FOUR PILLARS regression-protection · resistance-to-refactoring ·
             fast-feedback · maintainability
             → resistance is NON-NEGOTIABLE; fix it first

KEY LINES
  "Coverage says it ran; mutation score says a bug would be caught."
  "A false positive taxes every future change; a false negative costs once."
  "A unit is a unit of behavior, not a class."
  "Test through the public API; assert on outcome, not internal calls."
  "Mock unmanaged out-of-process deps; mocking owned collaborators is a smell."
  "A flaky test is a trust problem — quarantine, own, fix."
  "A test's real cost is paid on change, not on write."

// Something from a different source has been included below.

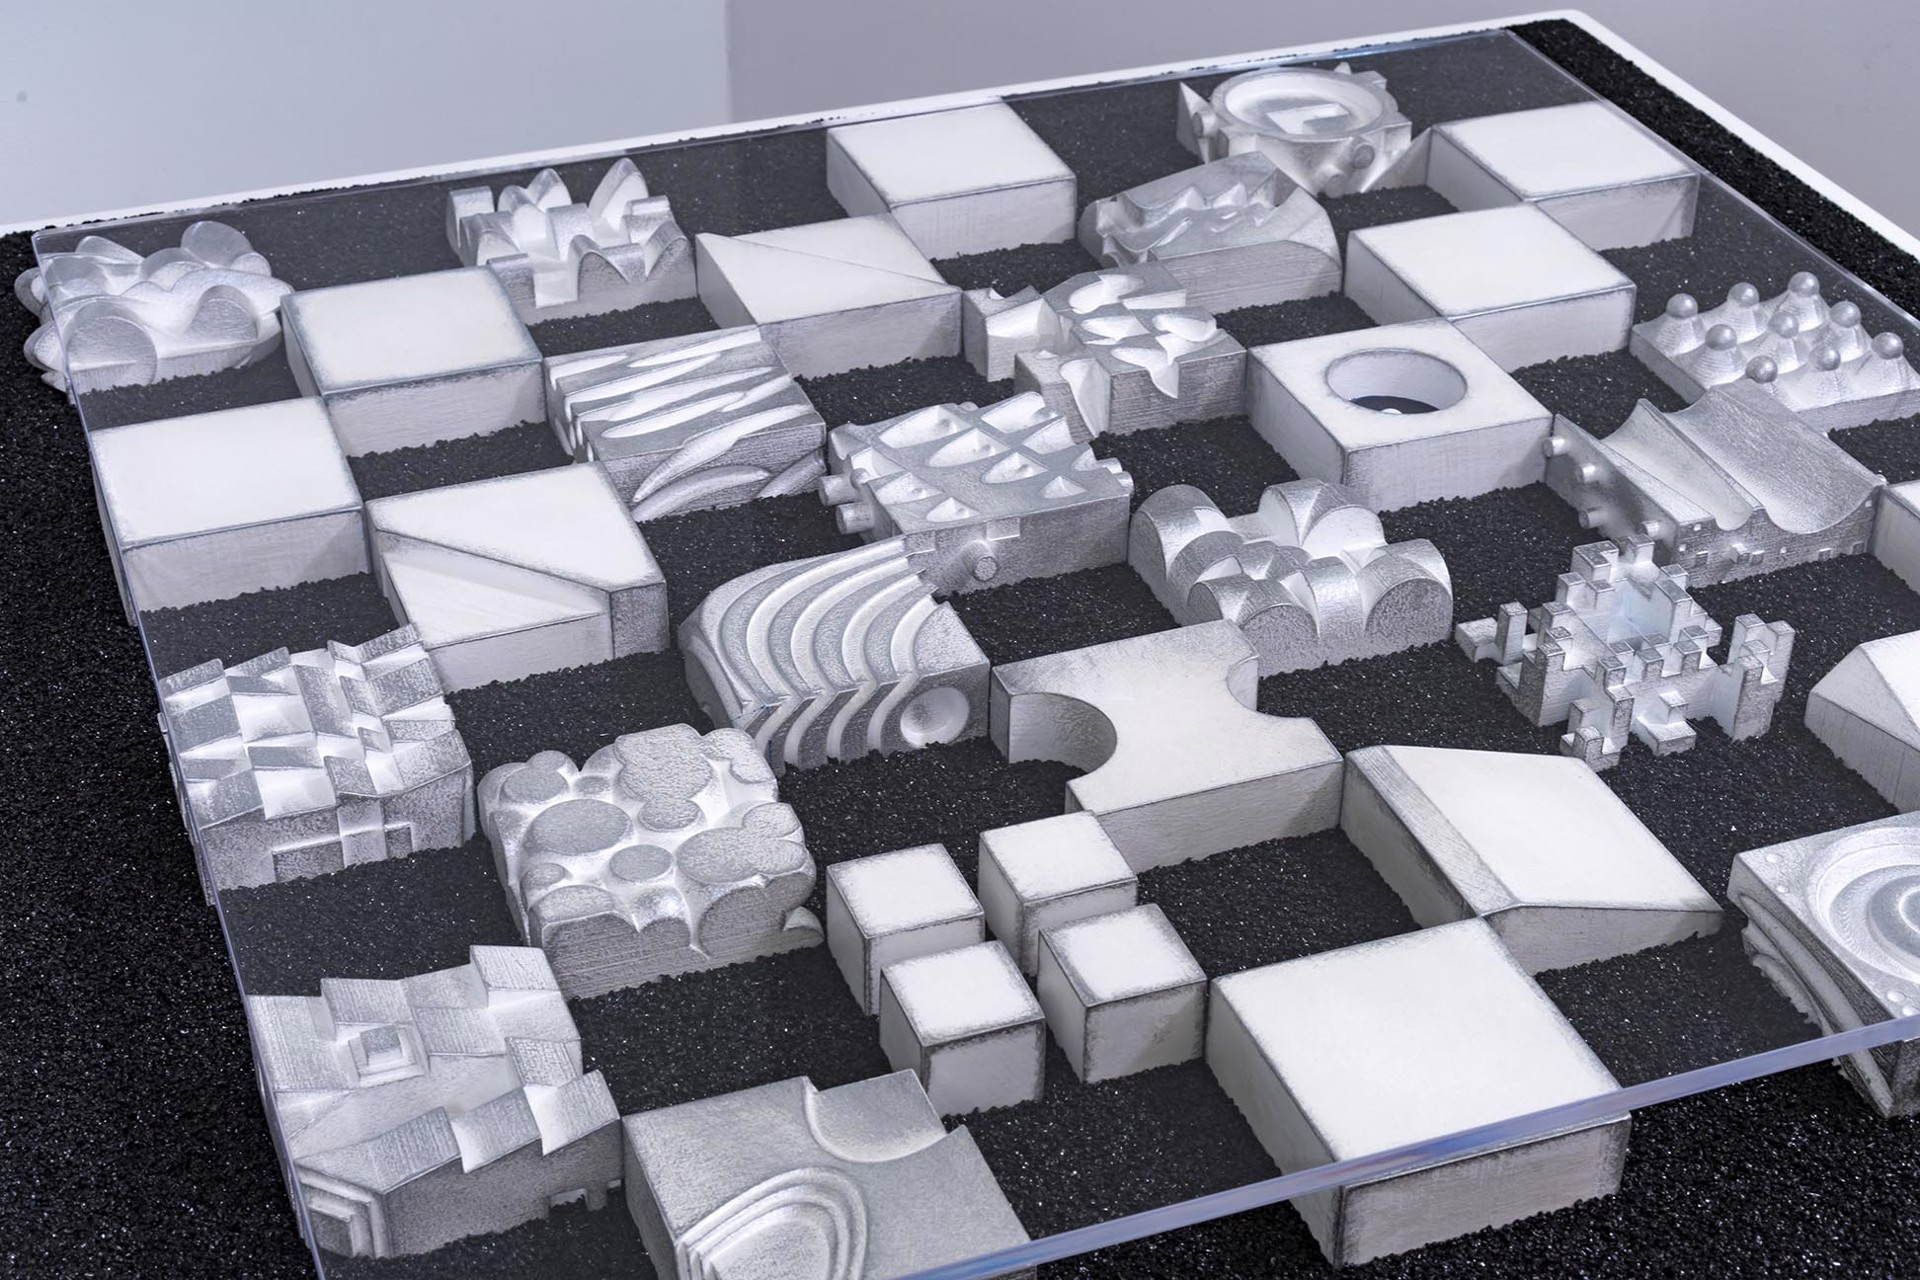 Checkmate (Lava Sand Board) by Gil Bruvel
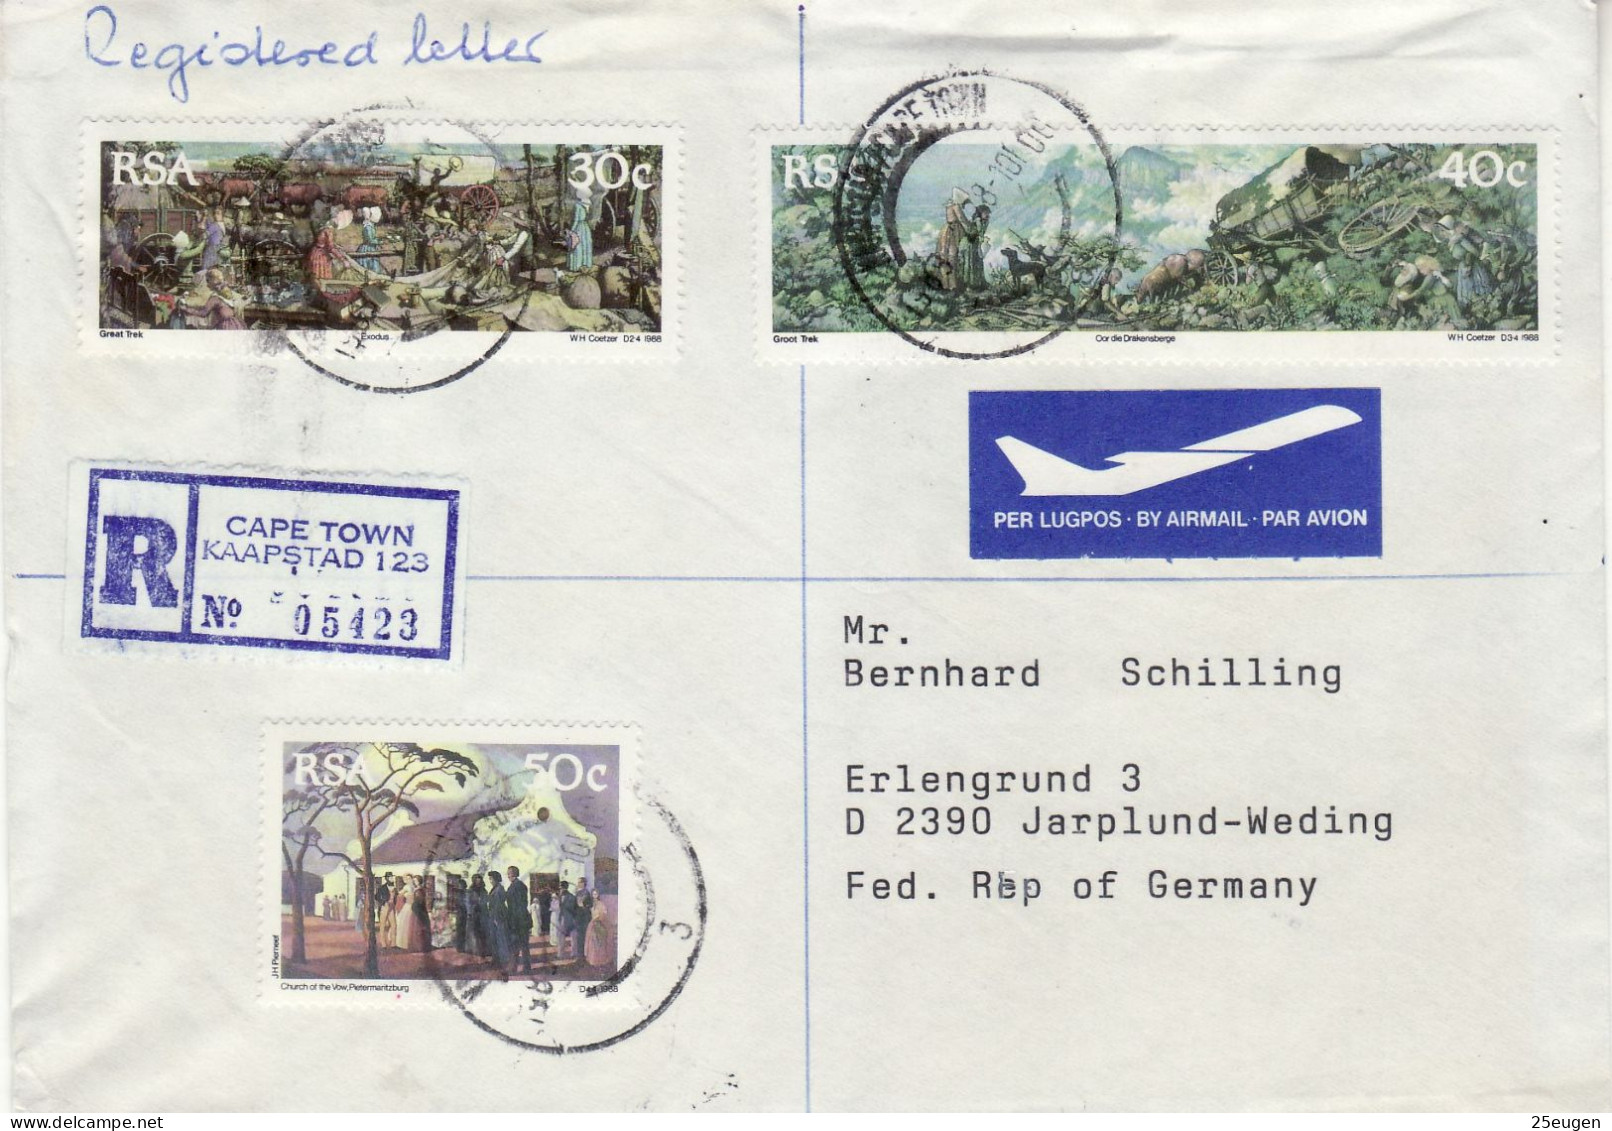 SOUTH AFRICA 1989  AIRMAIL R - LETTER SENT TO JARPLUND - Covers & Documents

TRAPS        private-method test (→ test via public API)
             95% coverage = well tested (→ mutation score)
             more mocks = better (→ classical default)

Summary

Interview-level unit testing is about reasoning, not recitation. Define a unit test by its three properties (isolated, ms-fast, deterministic) and place it as the base of the pyramid. Anchor quality judgments in the four pillars, and be ready to say which you protect first and why — resistance to refactoring, because false positives destroy trust at scale. Distinguish coverage from protection (reach for mutation score), default to the classical school while reserving mocks for unmanaged out-of-process dependencies, and always test behavior through the public API so tests survive a refactor. On scenarios — migrations, flakiness, slow suites — name the underlying principle (over-specification is debt, flakiness is a trust leak, speed is the unit layer's purpose) and give a concrete, decisive plan. The candidates who stand out talk about deleting tests, measuring with mutation score, and protecting the suite's trust as carefully as its coverage.


Further Reading

  • Vladimir Khorikov, Unit Testing: Principles, Practices, and Patterns — the four pillars, interview-ready.
  • Martin Fowler, "Mocks Aren't Stubs" — the classical/mockist framing.
  • Software Engineering at Google, testing chapters — scale, flakiness, test sizes.
  • The unit-testing-patterns, mocking-strategies, and test-driven-development skills.